Getting the geckos into the U.S. involved a long trail of paperwork.
“I felt like I was a spider in the center of a web, trying to connect everybody in communication,” Goymer said.
During the process, she connected with a customs broker, wildlife officials and zoos in the U.S. with experience importing animals, in addition to the team in Germany.
The geckos will wait out a six-week quarantine. Meanwhile, the biologists will travel to Vietnam next week to further research the geckos’ natural habitat.
“It’ll inform us a lot better on how to take care of these things in captivity,” Grismer said.
Habitat loss and the commercial pet trade are both threats to the survival of animals such as the five tiger gecko species sent to La Sierra.
Grismer recalled a paper he published about 1999 about two new gecko species that included information about their habitats’ locations, which he said must be done when describing new species.
“Within six months, no one could find them anymore,” he said.
He said that they petitioned to change that standard for particular species, so that “commercial collectors can’t use our papers as a roadmap.”
Once a species’ population falls below a certain threshold, it can’t recover, a phenomenon Grismer called the “extinction vortex.”
He said the biologists weren’t sure if the tiger geckos had reached that point or not, but fortunately, “there are still little pockets where they’re quite common.”
He said the team will travel to some of those locations on its trip, and when it has enough geckos, they’ll be released back into the original locations, now that some have protections.

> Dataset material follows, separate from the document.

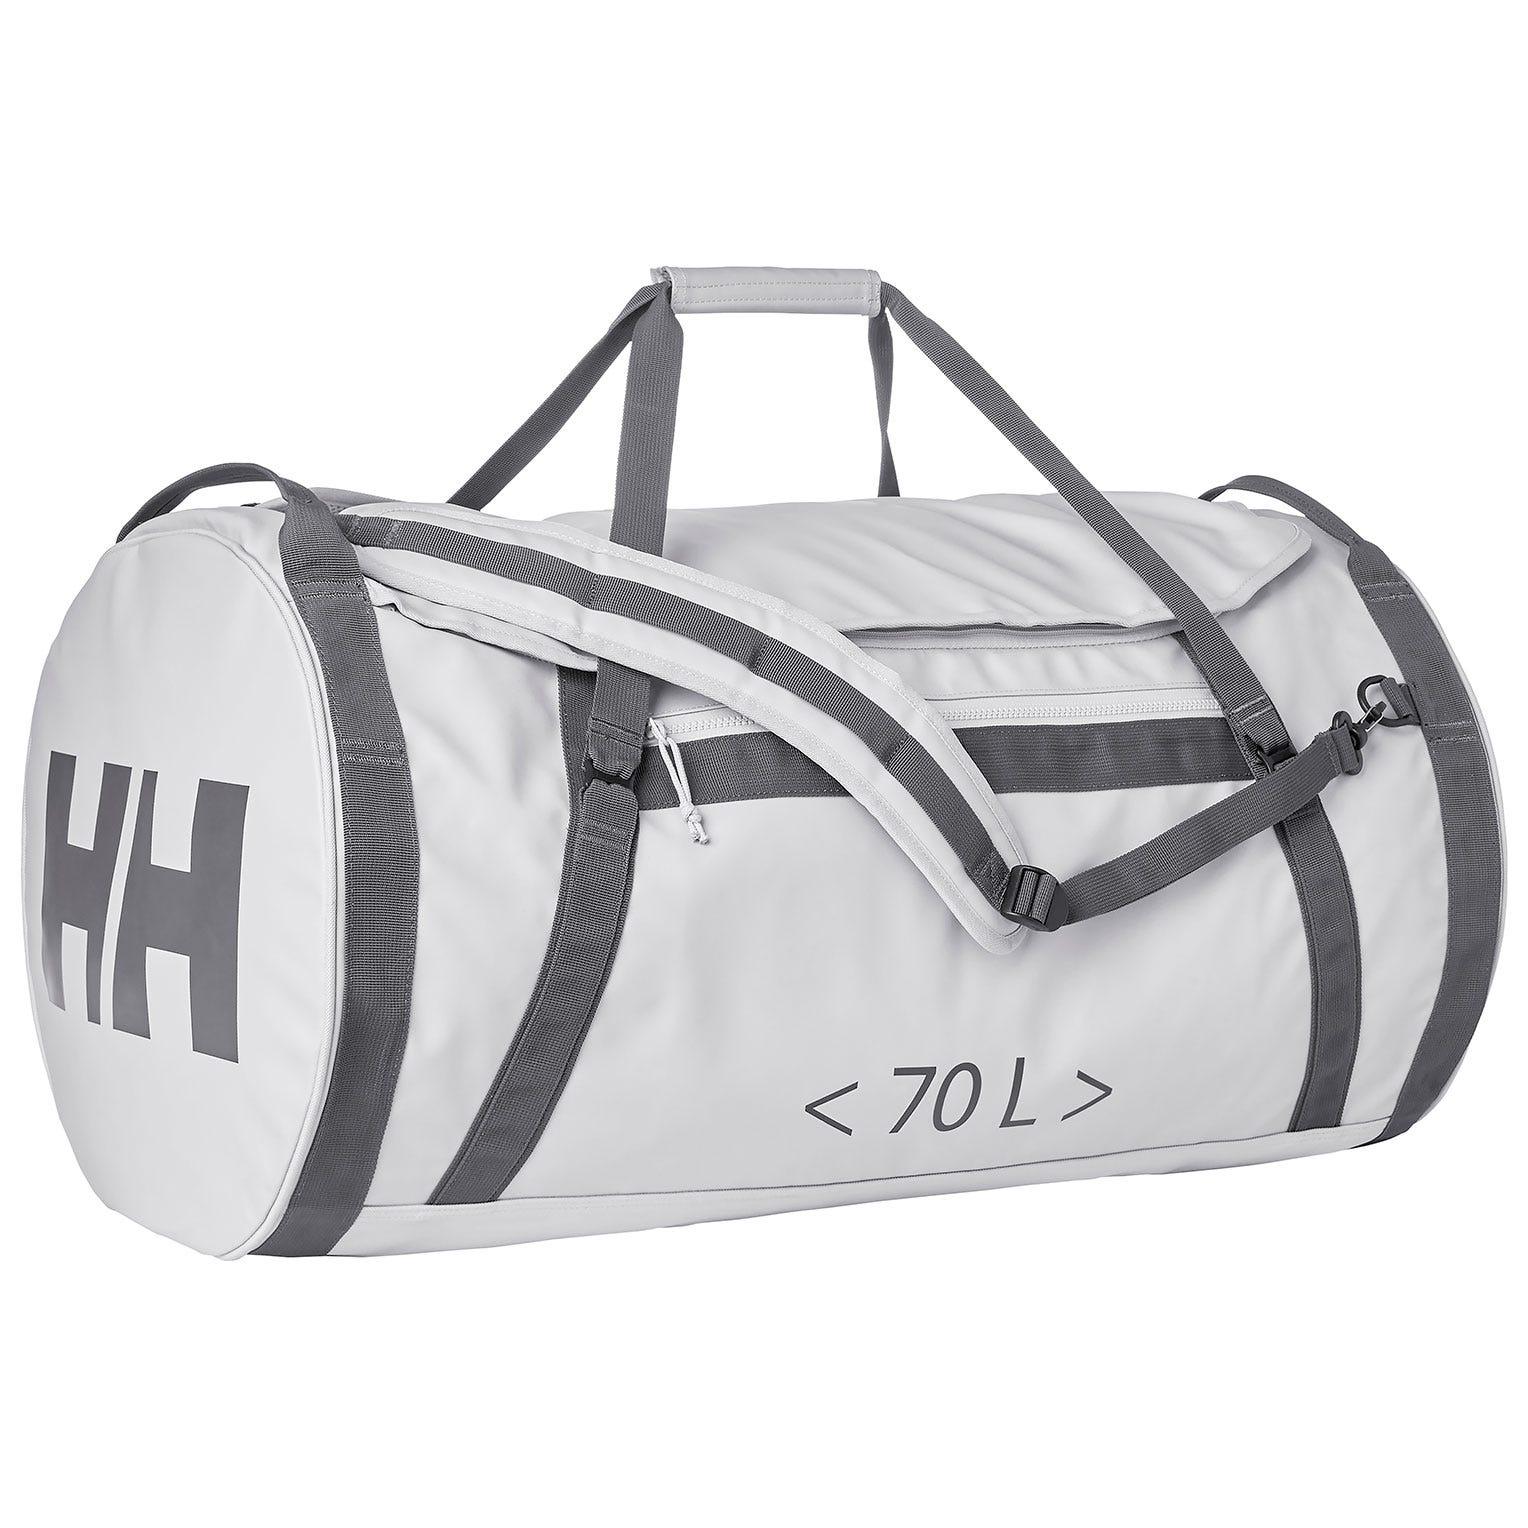 Helly Hansen Hh Sporty Duffel Bag 2 70l Std in Metallic | Lyst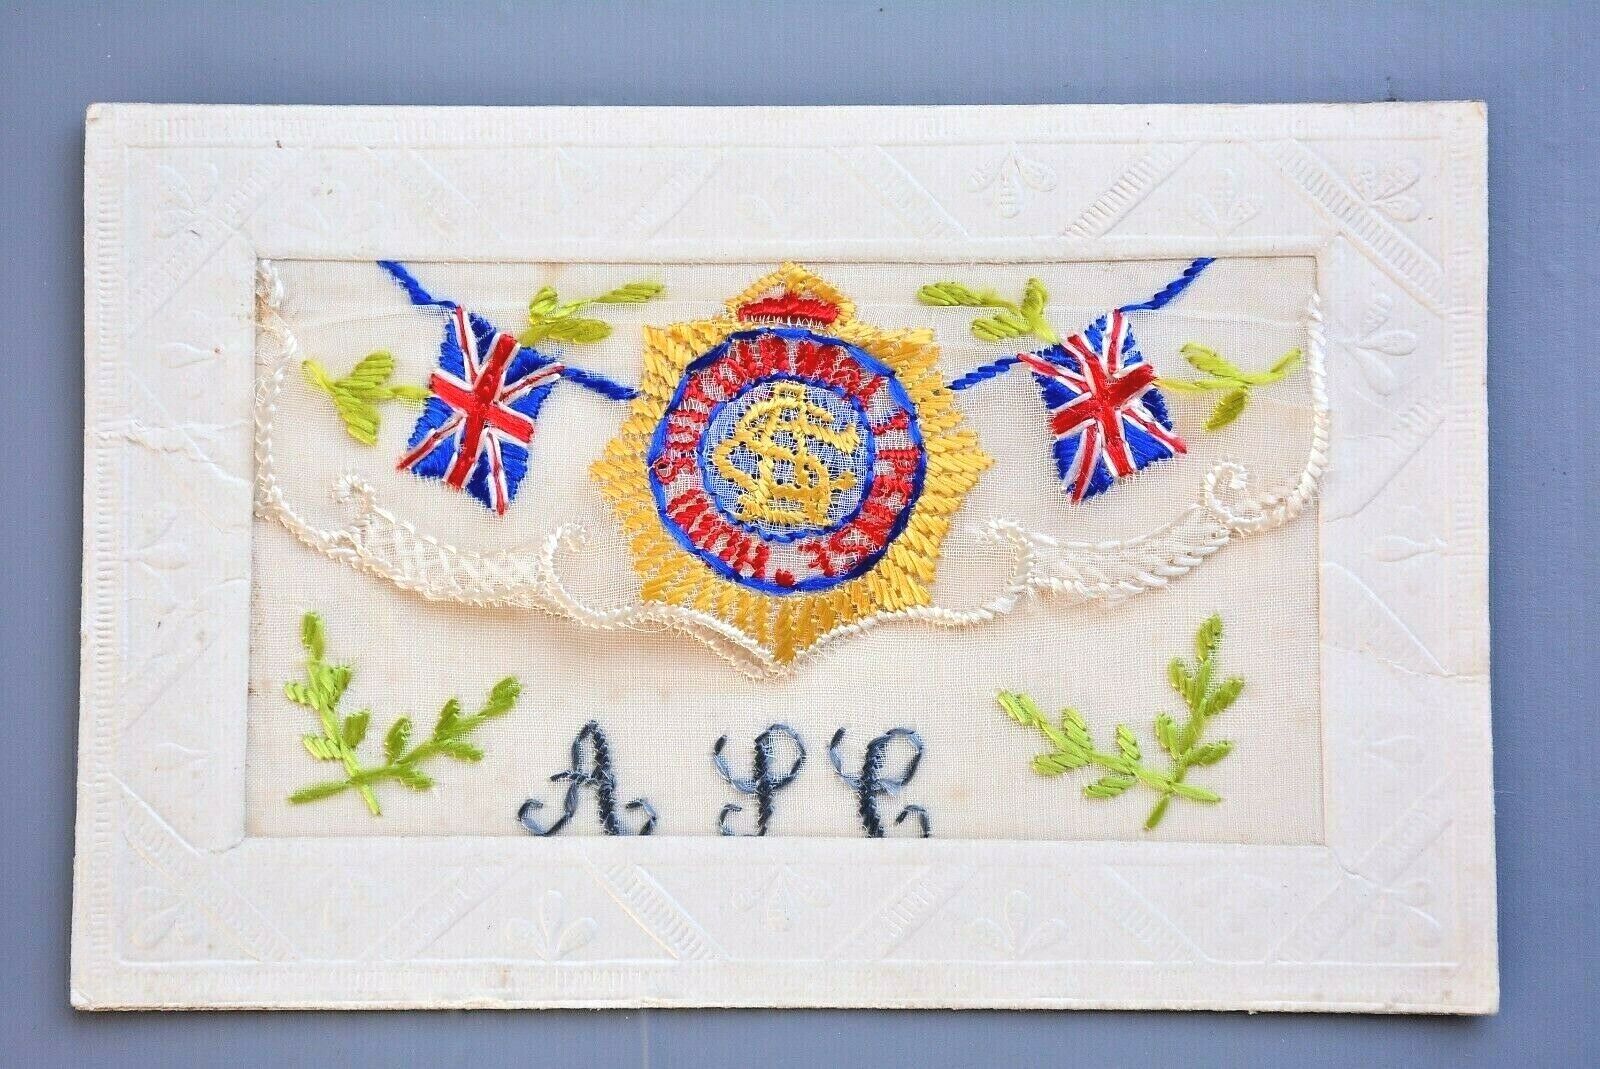 R&L Postcard: WW1 Silk, ASC Army Service Corps Crest, Patriotic Union Jack Flags

Grismer estimates that the program will first release captive-bred geckos in 2025. Their breeding season isn’t until next year, he said, and they’ll raise the geckos until they’re juveniles, at which point, “we’ll probably take half of those back and let them go,” keeping the rest to continue the breeding program.
“The question that a lot of people ask is, ‘Big deal — what if these things go extinct? How is that going to affect us?’” Grismer said.
“Fact of the matter is, it probably isn’t,” he said. “These things can blink out of existence, and it isn’t going to affect humanity. The problem is, if we knowingly let a species go extinct, then where do we draw the line?”
“This is why my lab does what it does.”